# 65' Stingray Super Deluxe?



## prewarmachine (Jul 15, 2021)

After arranging a meet time, where I agreed to pay full price and next day pickup with a deposit offered...the seller told me he was going to trade it instead to another individual hours before I was going to leave to meet him. We messaged back and forth a couple more times and I expressed my disappointment. After some silence, he messaged back saying if I got it today, he would sell it. OFF I GO!  Been up since 230am for work, then made the 7+ hour round trip and returned home at 930pm exhausted, but here are the spoils for my efforts.

Repainted frame and a lot of bolt on replacement parts I believe, but I couldn't pass it up. Stamped L R legs and AS bolts, so I believe the fork is original. Crank and pedals I hope to be.

Any thought or opinions are always welcome!


----------



## sworley (Jul 15, 2021)

Very nice! Been in the Schwinn game since ‘03 and still never got my SD even though that’s my grail bike.

Sure sounds like a lot of jerking around and driving but hopefully worth it to you. These are rare and desirable birds. What are your plans with it?


----------



## stoney (Jul 15, 2021)

Glad it worked out for you. Got some good bones there.
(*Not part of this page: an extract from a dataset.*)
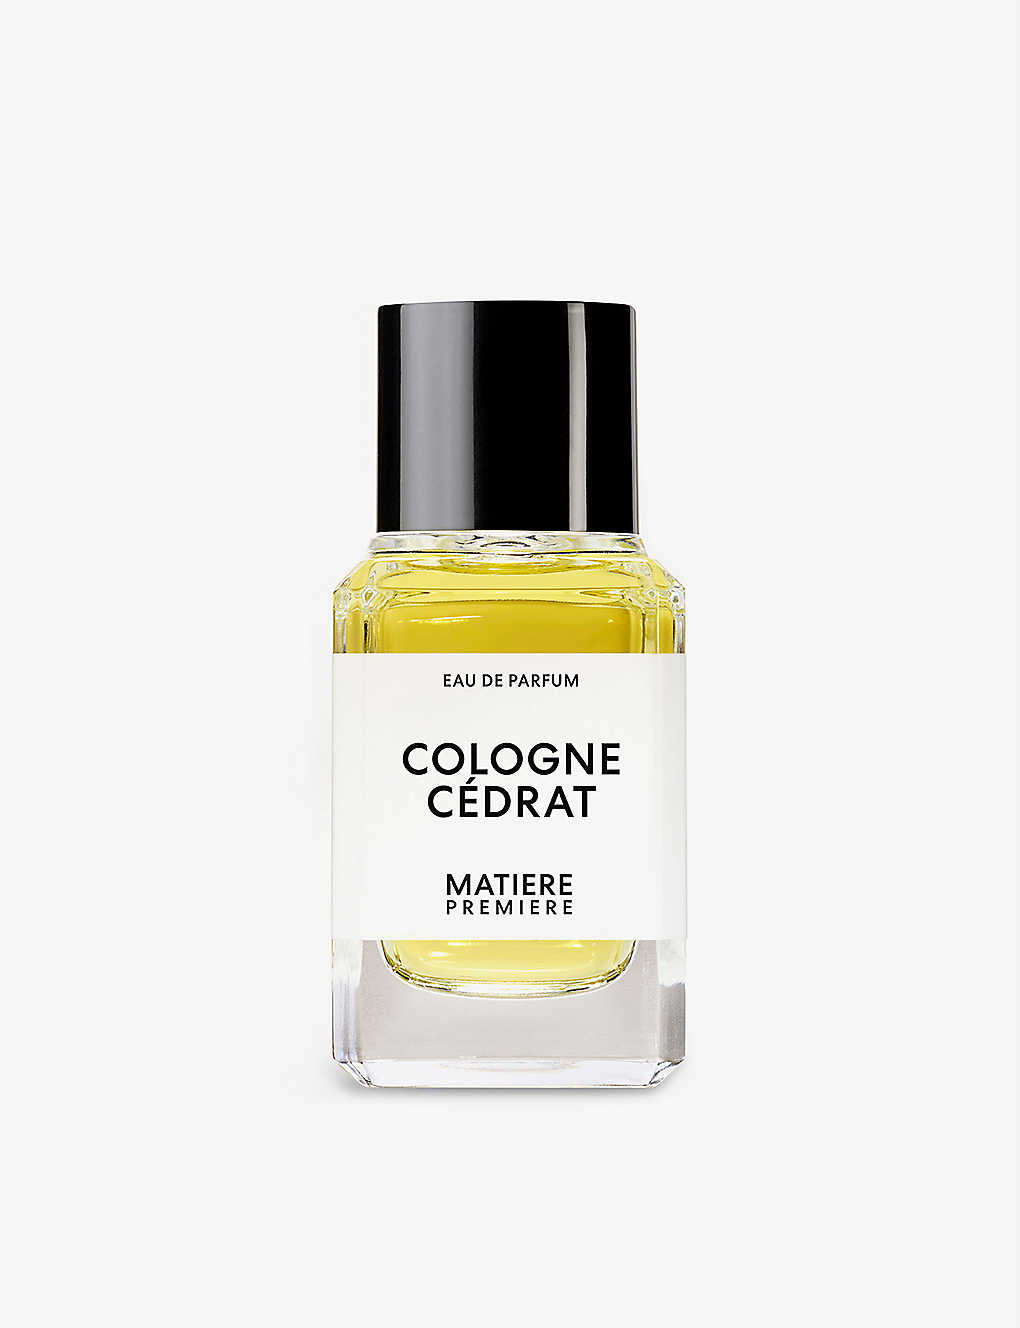 Matiere Premiere Cologne Cedrat Eau De Parfum
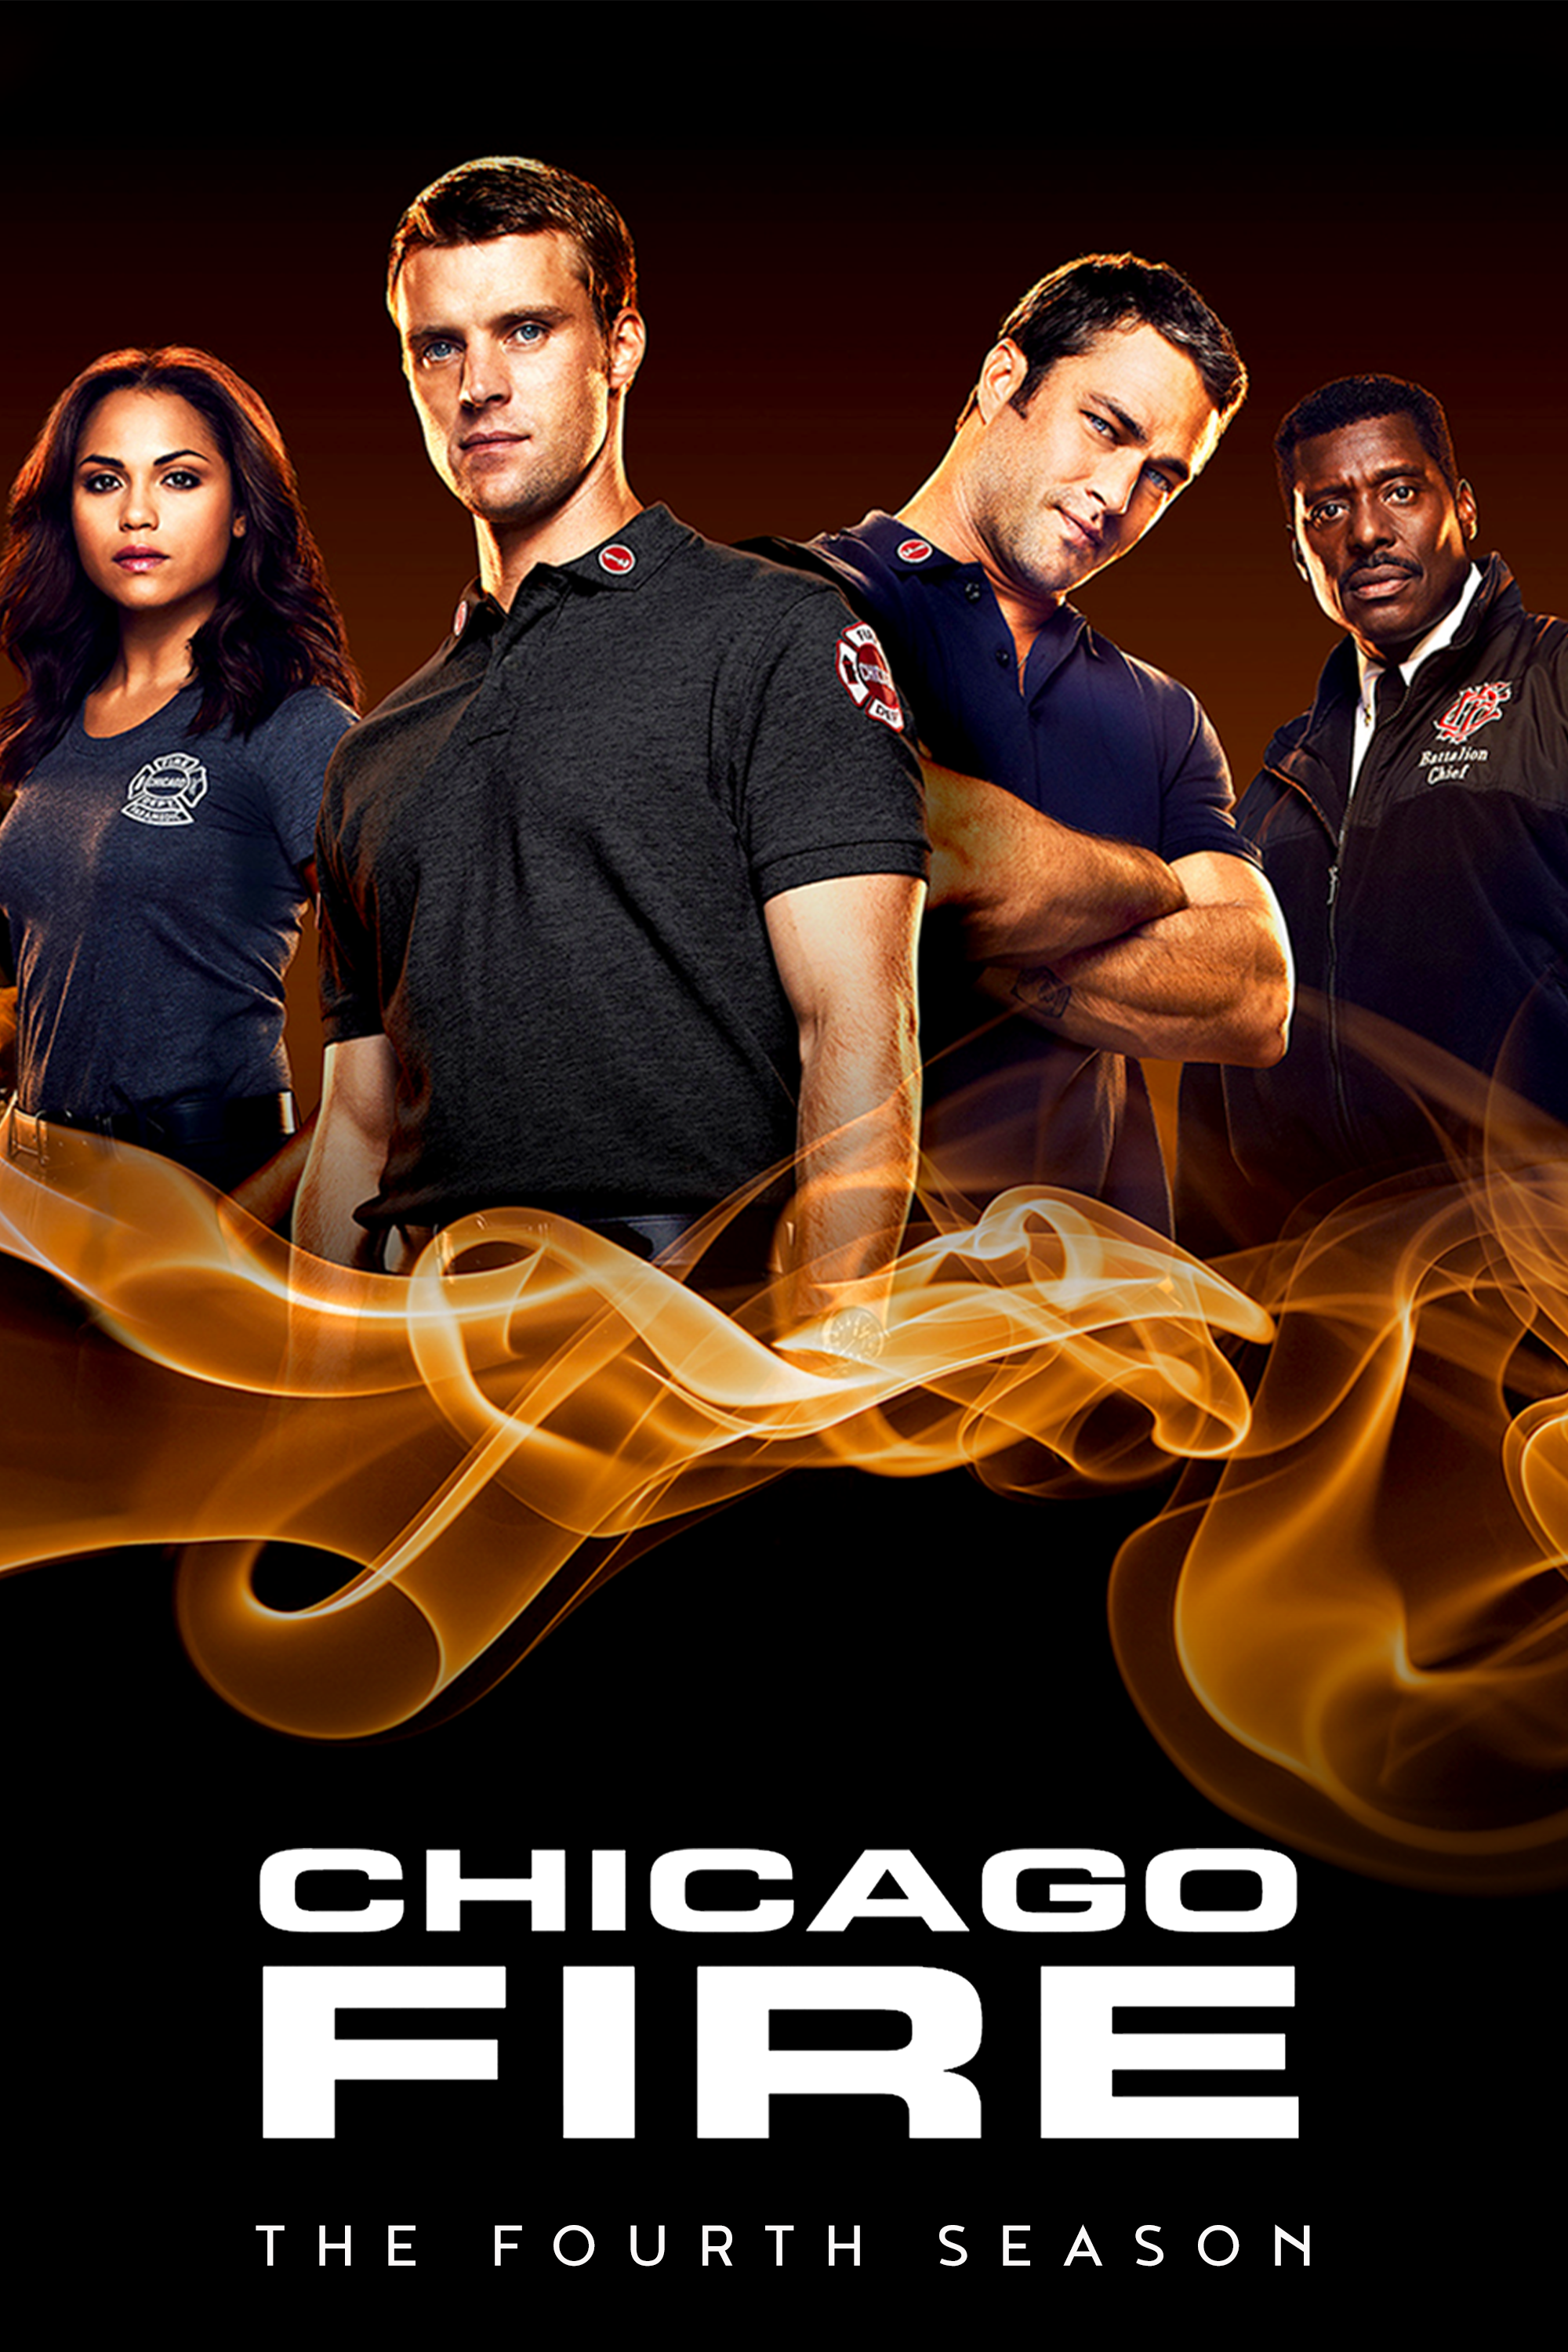 ดูหนังออนไลน์ฟรี Chicago Fire Season 4 EP.13 ชิคาโก้ ไฟร์ หน่วยดับเพลิงท้านรก ซีซั่นที่ 4 ตอนที่ 13

Congrats


----------



## prewarmachine (Jul 15, 2021)

My initial plans were to use the fork on a violet 65' Deluxe, but I'm not sure I want to take it off this one. Not quite sure what's going on with either of them haha


----------



## ODDER (Jul 15, 2021)

Awesome find. Besides the seat, sissybar, fenders, gooseneck, handlebars and tires it all looks like original schwinn equipment. Grease it up and ride. Congratulations


----------



## ODDER (Jul 15, 2021)

Just thought of something else. A super deluxe would have had the chrome and painted chain guard. That may have be a J38 model. Or someone added the fork when they swapped out the other parts.


----------



## ODDER (Jul 15, 2021)

Here are a few of my super deluxe stingrays for reference. Copper 66. Blue 64. Violet 65


----------



## prewarmachine (Jul 15, 2021)

I would imagine the chainguard would have been original to this bike, so I guess not quite a super deluxe then. Darn! 
I'll have to look into the J38 a bit. You guys know way more on the details on these bikes than I do. Thank you for the info!


----------



## coasterbrakejunkie1969 (Jul 15, 2021)

That is an awesome bike, my favorite of mine is less original them my others but it does not matter. You can make it a super deluxe with the right parts. No way to really tell how it came unless you can ask the original owner. Clean it , grease it and enjoy it. Good luck


----------



## coasterbrakejunkie1969 (Jul 15, 2021)

I purchased a chain guard that  someone had used to make a SD and they had used the chrome tape on it. I didn't look bad.


----------



## kingsting (Aug 25, 2021)

If the fork is original to the bike, it could be a J33. Much rarer than a SD.


----------



## prewarmachine (Aug 26, 2021)

It isn't a shorty frame like the J33 is. What I'm seeing is it would most likely be the J38, but I'm open to other opinions


----------